The accuracy of chemical measurements was determined by analysis of ten replicates of standard seawater sample (IAPSO standard seawater, salinity = 34.996; Scientific International Ltd., UK) diluted (1:2000) in deionized water (< 1 µS cm-1). The mean error values were ± 8% for Na+, ± 5% for K+, ± 5% for Ca2+, ± 4% for Mg2+, ± 5% for Cl- and ± 5% for SO42-. The mean concentrations of the investigated ions (μmol L-1) in field blanks (n = 6) were 0.04 for Na+, 0.40 for K+, 0.10 for Ca2+, 0.10 for Mg2+, 0.66 for Cl- and 0.53 for SO42-.
RESULTS AND DISCUSSION Rainfall The total precipitation accumulated during the study period at the coastal urban, coastal periurban, lower montane forest and montane forest was, respectively, 1220, 1292, 2649 and 2549 mm, of which 62-65% occurred during the rainy season (October-March). In the study areas annual precipitation is at least twice as high in montane forests compared to the coastal zone due to orographic effect.45 Electrical conductivity In BP samples, the VWM measured electrical conductivity (EC) was 24.1 µS cm-1 (8.5-121.4 µS cm-1; n = 36) at the coastal urban, 18.4 µS cm-1 (9.3-67.6 µS cm-1; n = 29) at the coastal periurban, 8.8 µS cm-1 (4.8-28.2 µS cm-1; n = 35) at the lower montane forest and 7.3 µS cm-1 (3.1-21.4 µS cm-1; n = 37) at the montane forest sites.
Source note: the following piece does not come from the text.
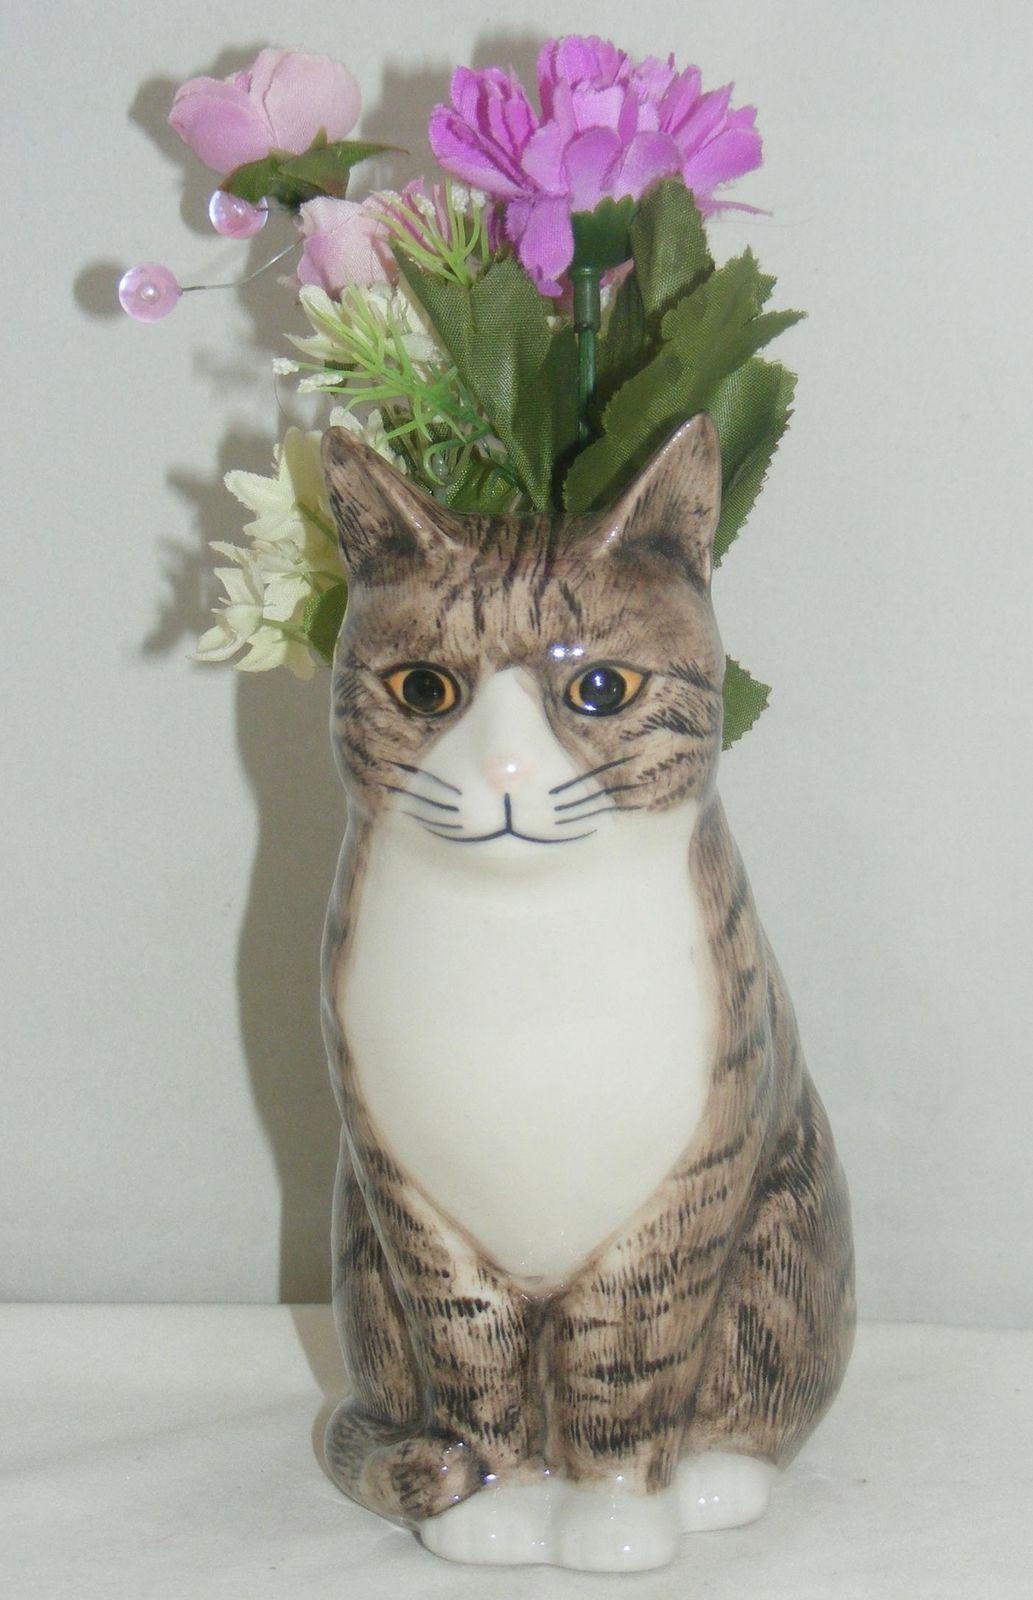 Quail ceramics moggy cat flower vase millie small 970 flower quail ceramics moggy cat flower vase millie small 970 reviewsmspy

The highest values found at the coastal urban sites are caused by the stronger influence of sea-salt aerosols due to their shorter distances from the ocean and lower dilution as a result of lower rainfall. Figure 1 shows the correlation between measured EC and calculated EC combining all BP samples from the four sampling sites. The closeness of these values to the 1:1 line indicates good agreement between them.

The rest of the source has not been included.